PROBLEM STATEMENT
What you return must be the exact lines of the material below, from the first through the one that has "Jemenchameleon Chamaelio calyptratus", with no pictures and, please, nothing else.

BEGIN SUPPLIED ENTRIES

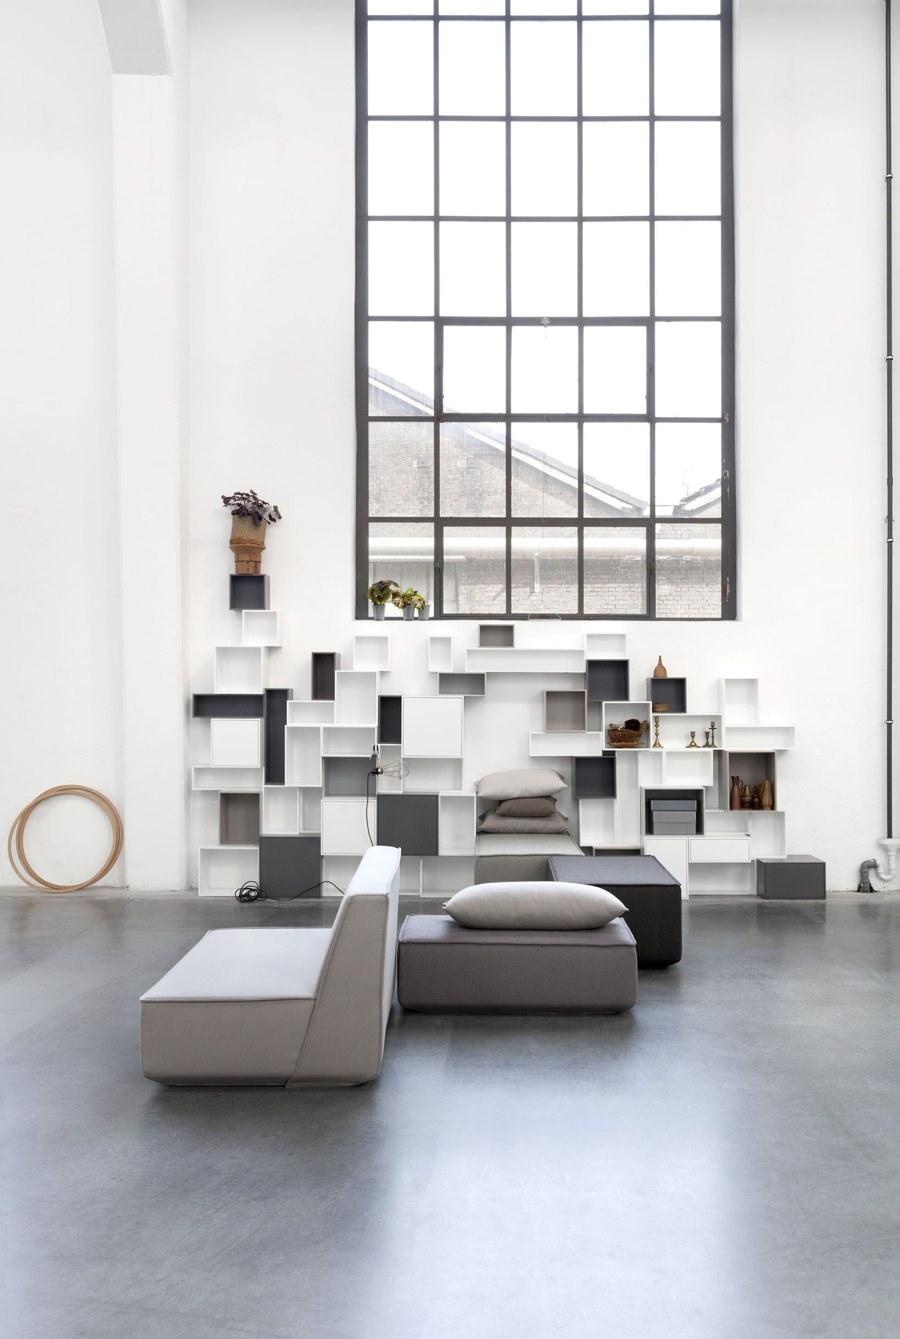 Cubit’s sofa: individual and versatile | Novità
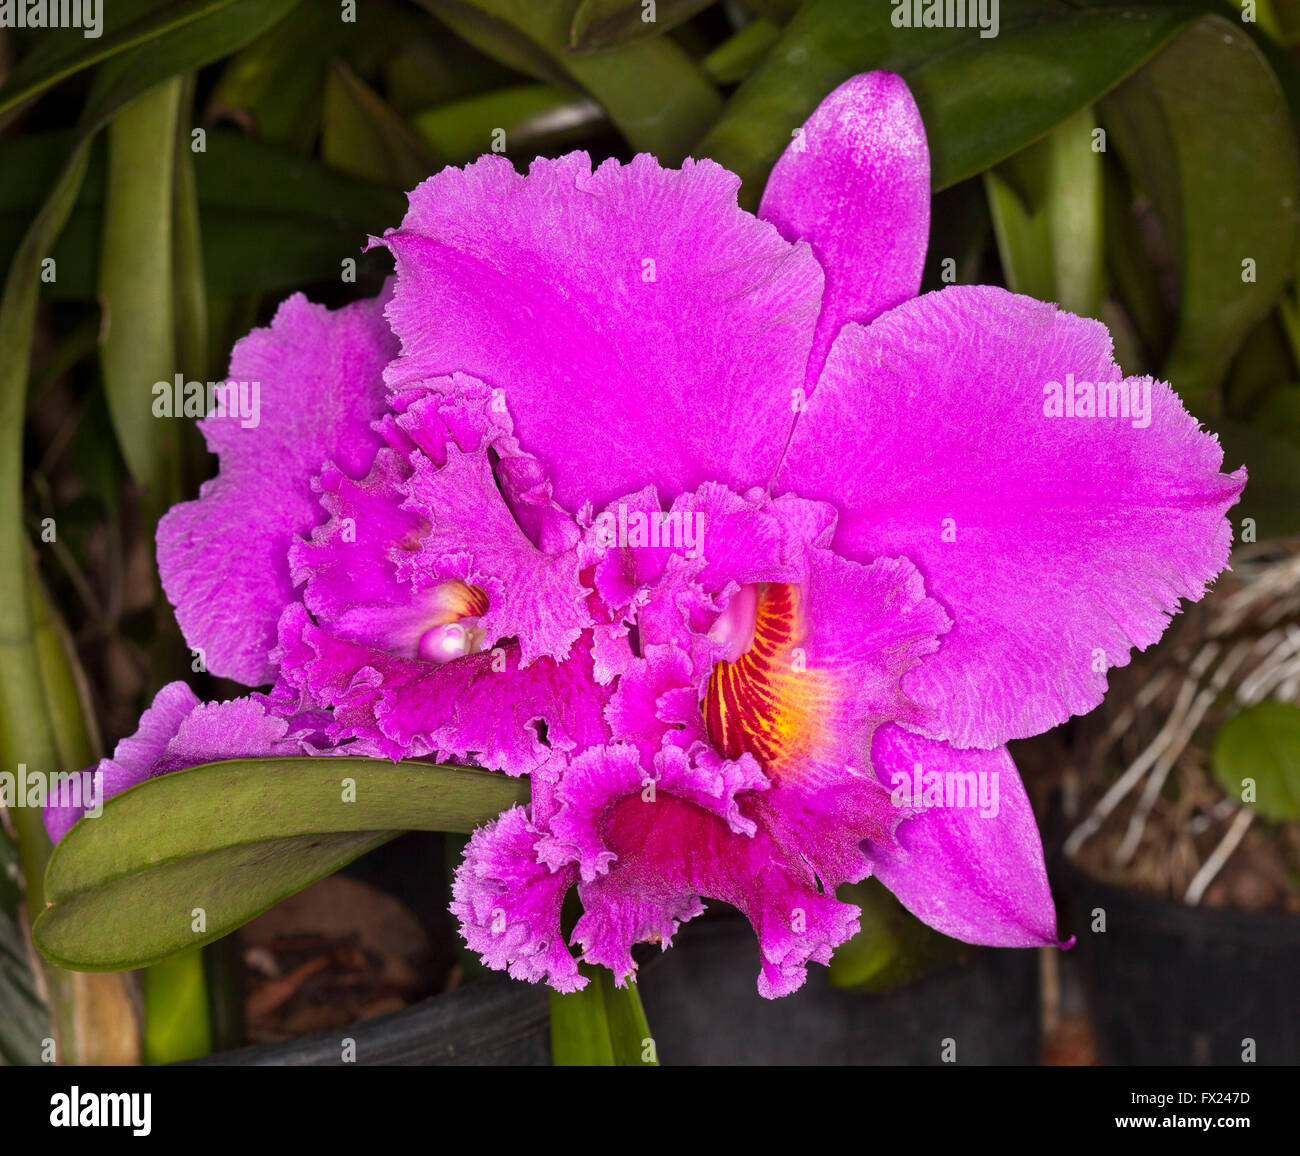 Spektakuläre große lebendige Magenta pink / lila duftenden Blume von Cattleya Orchidee mit Rüschen eingefasst, Blüten auf dunklem Hintergrund Stockfoto
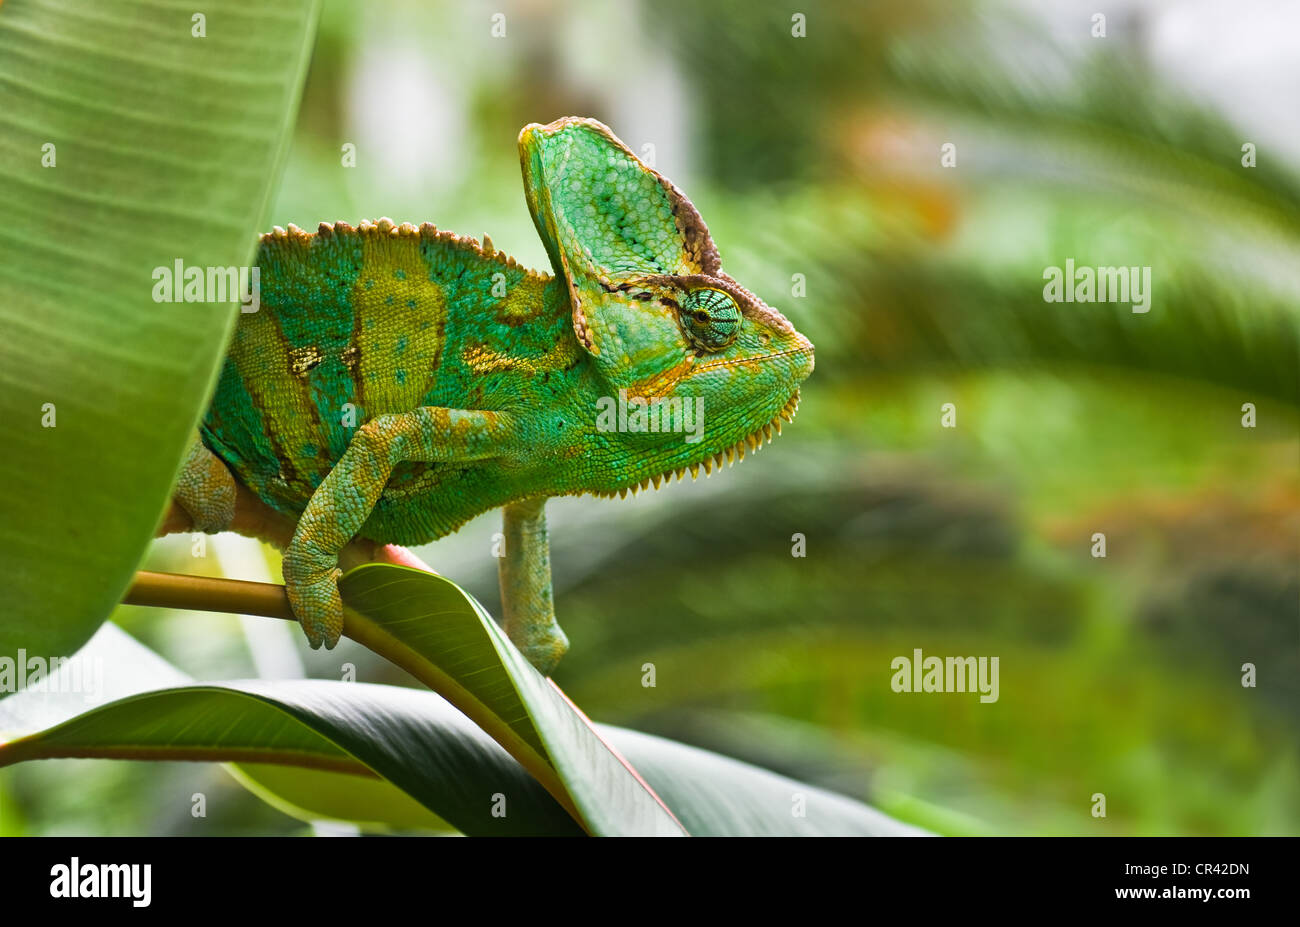 Jemenchameleon Chamaelio calyptratus vert ou escalade un arbre Banque D'Images
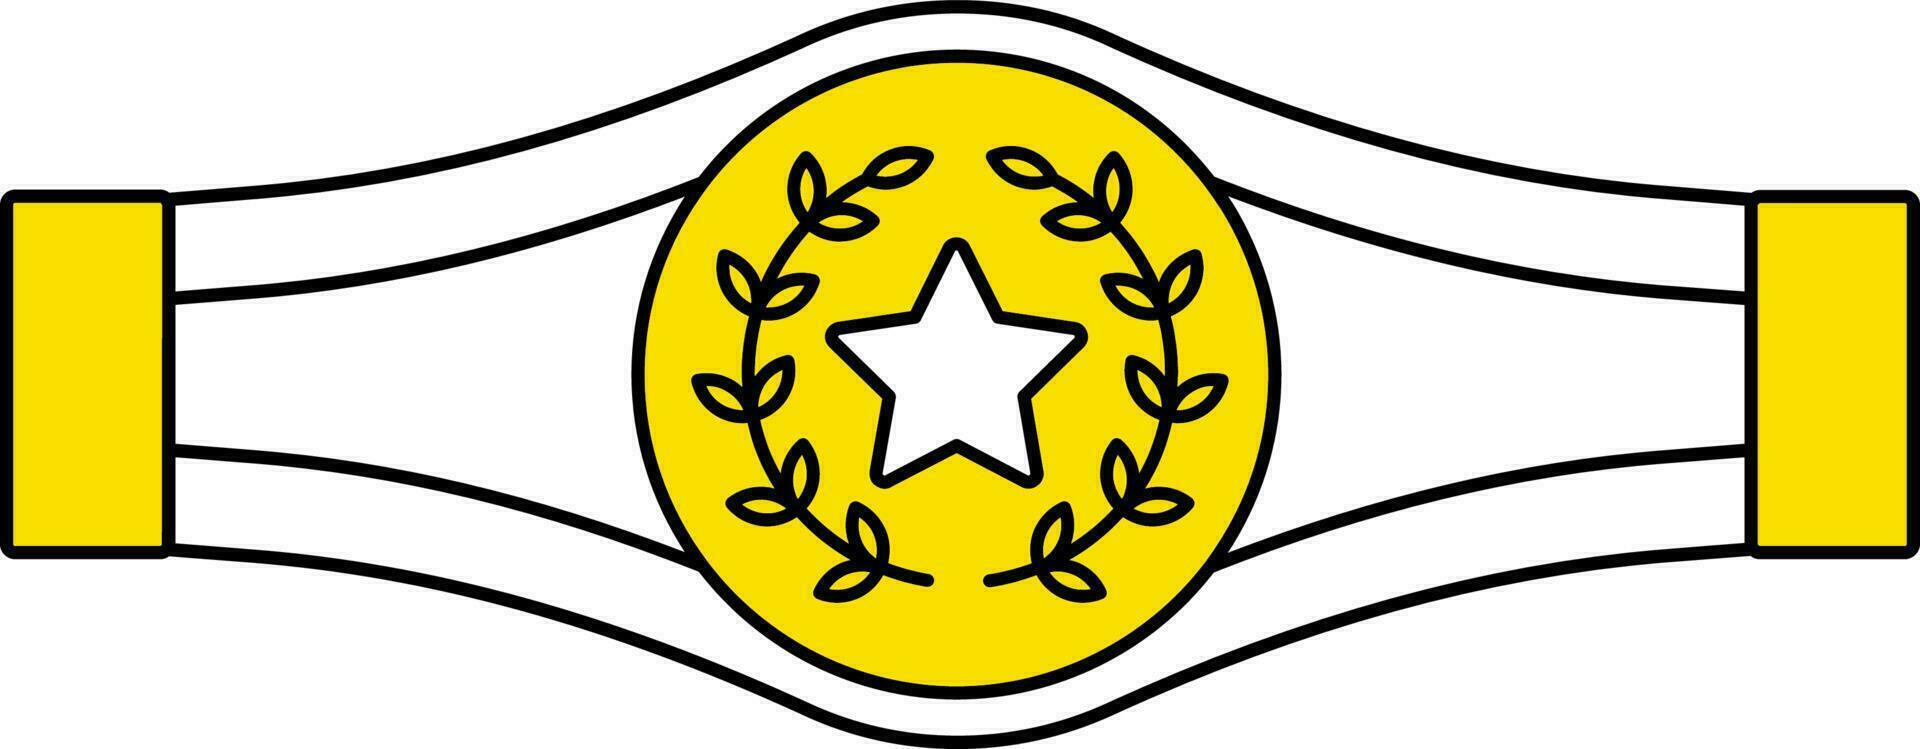 vergeben oder Champion Gürtel Symbol im Weiß und Gelb Farbe. vektor
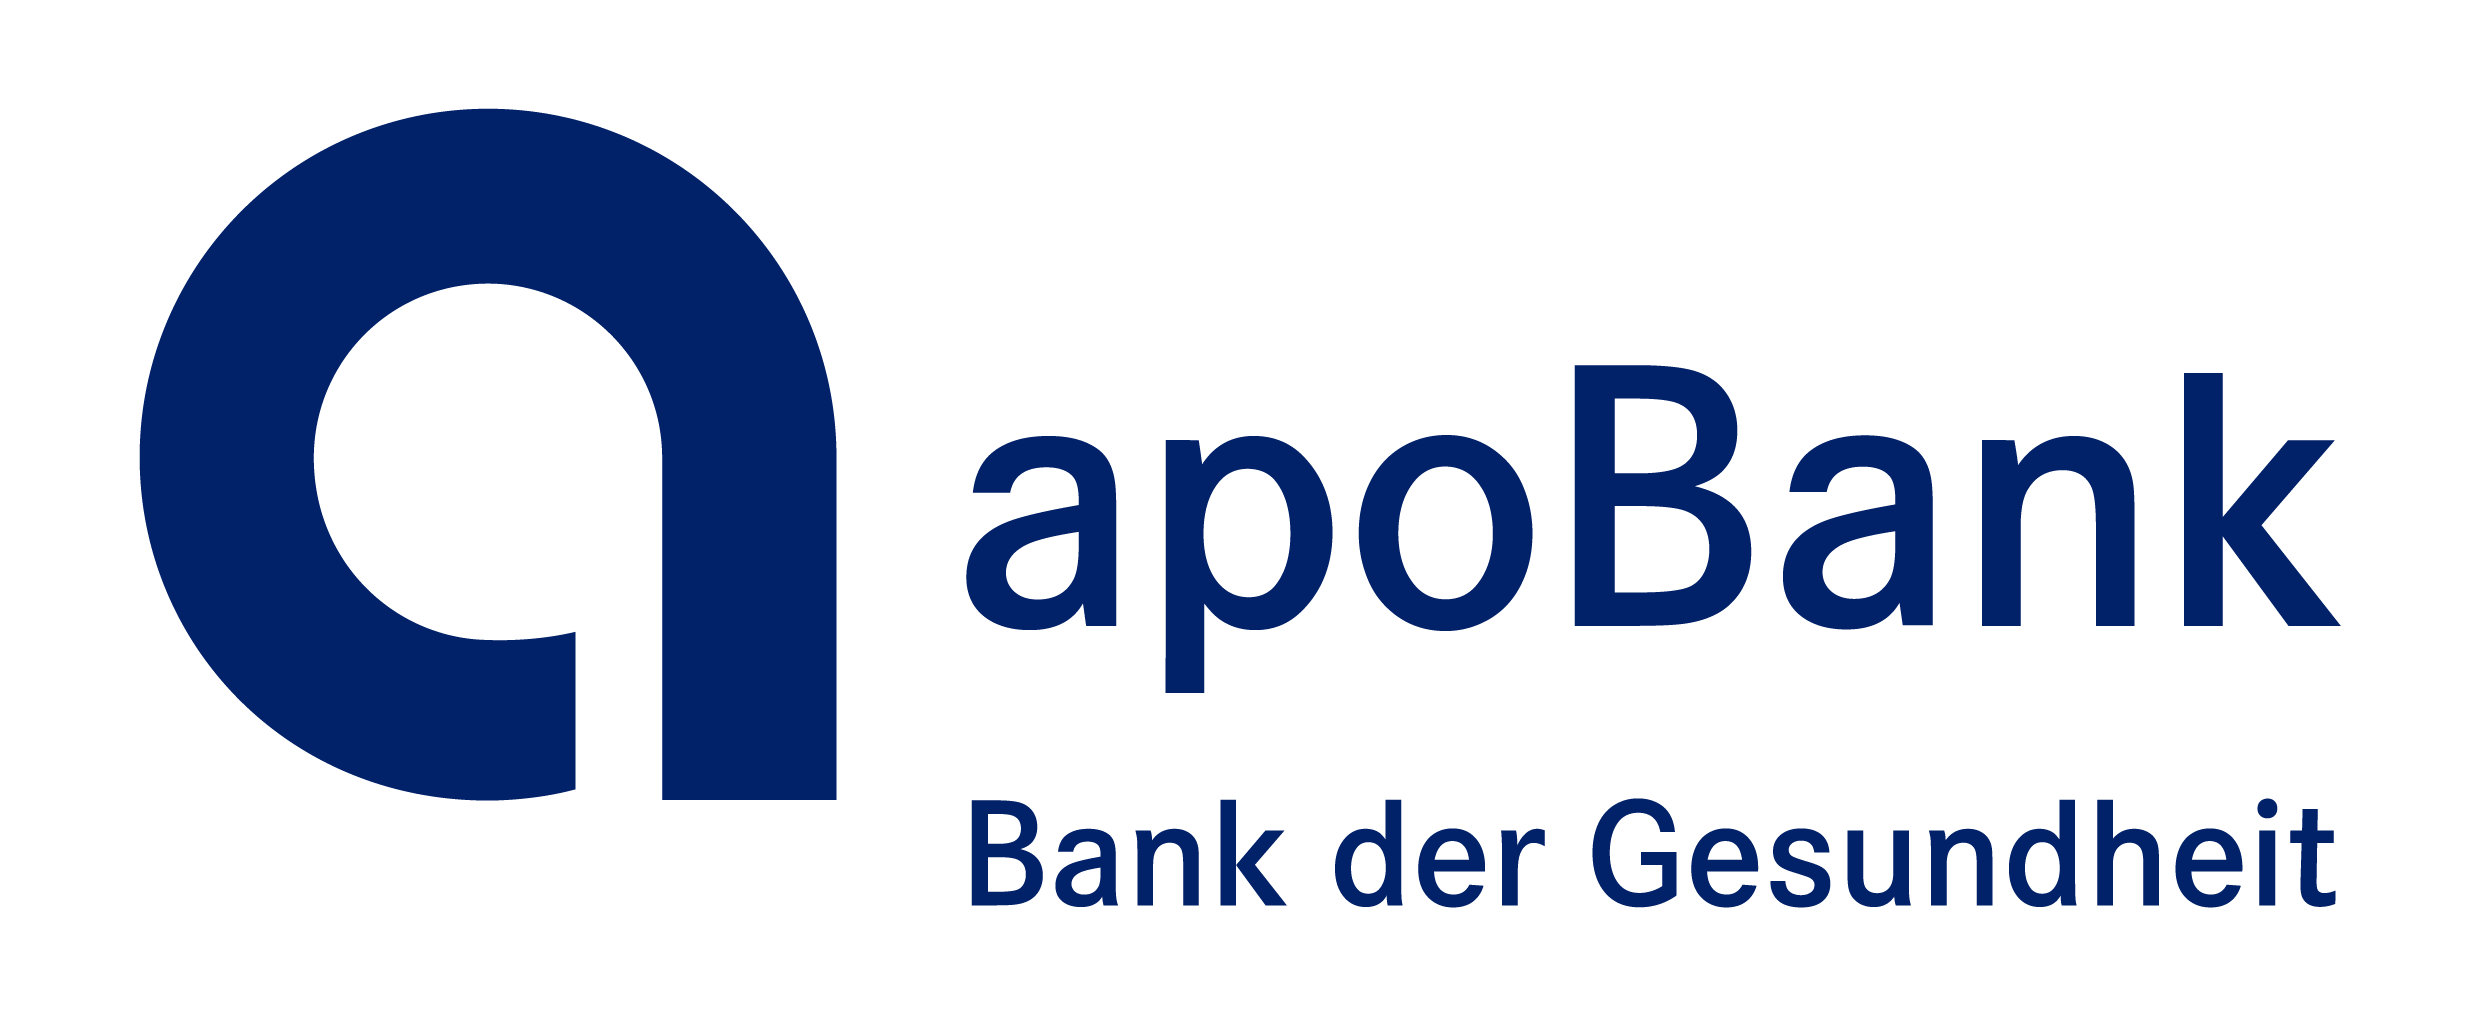 Apobank Logo 2021 Rgb
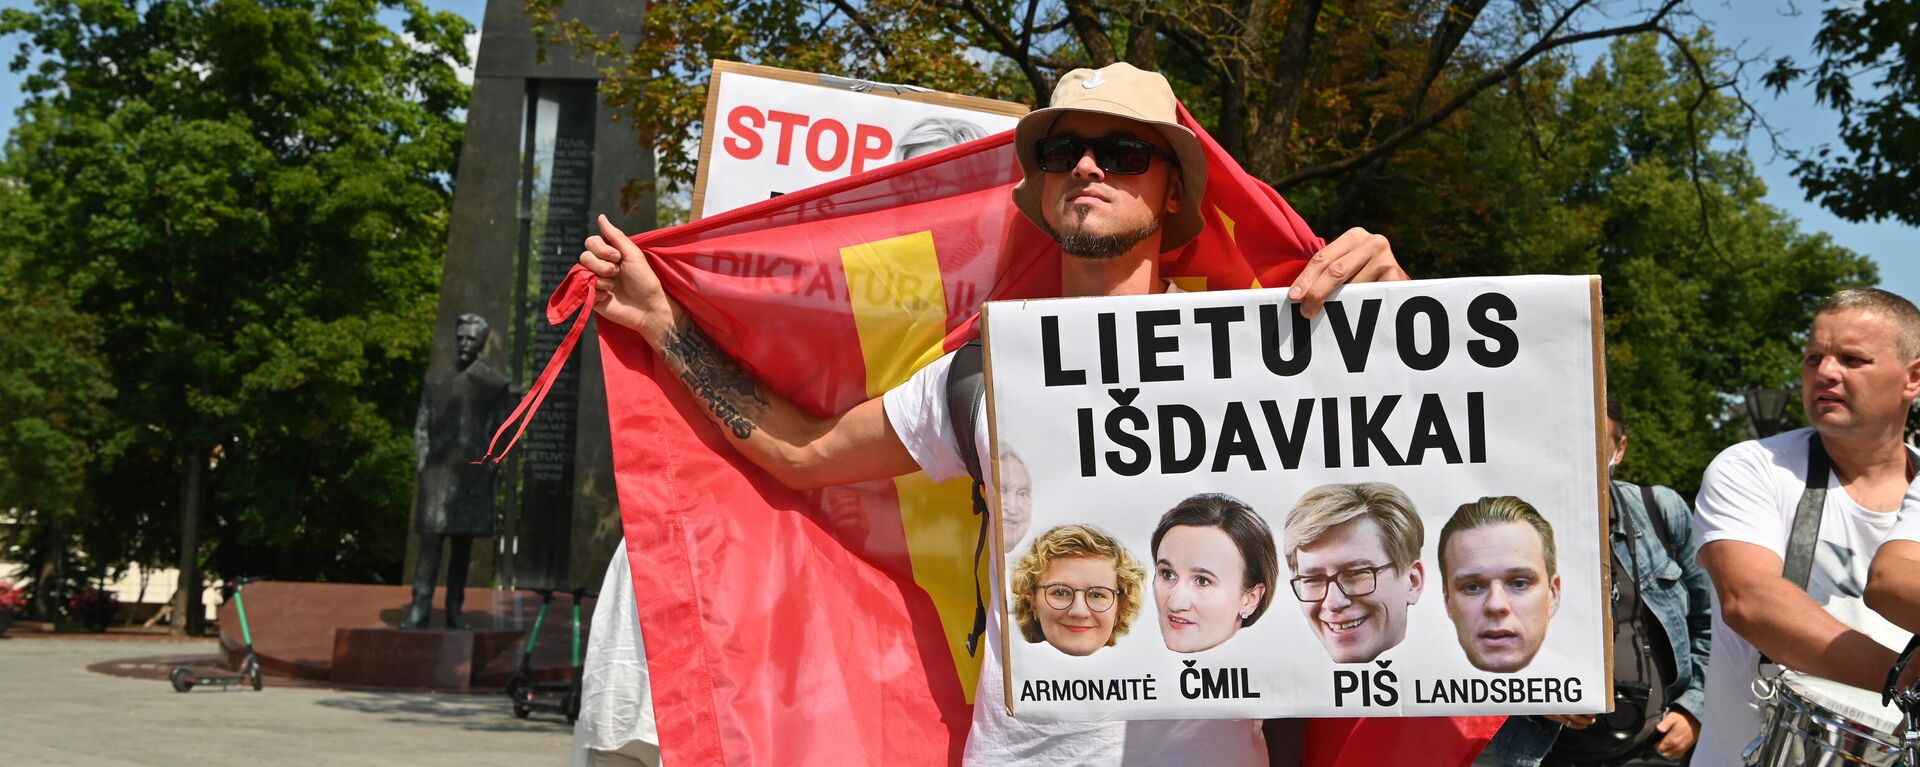 Акция протеста против действий властей Литвы в Вильнюсе - Sputnik Литва, 1920, 24.07.2021

END SUPPLIED ENTRIES

WRITTEN RESPONSE
 Cubit’s sofa: individual and versatile | Novità
 Spektakuläre große lebendige Magenta pink / lila duftenden Blume von Cattleya Orchidee mit Rüschen eingefasst, Blüten auf dunklem Hintergrund Stockfoto
 Jemenchameleon Chamaelio calyptratus vert ou escalade un arbre Banque D'Images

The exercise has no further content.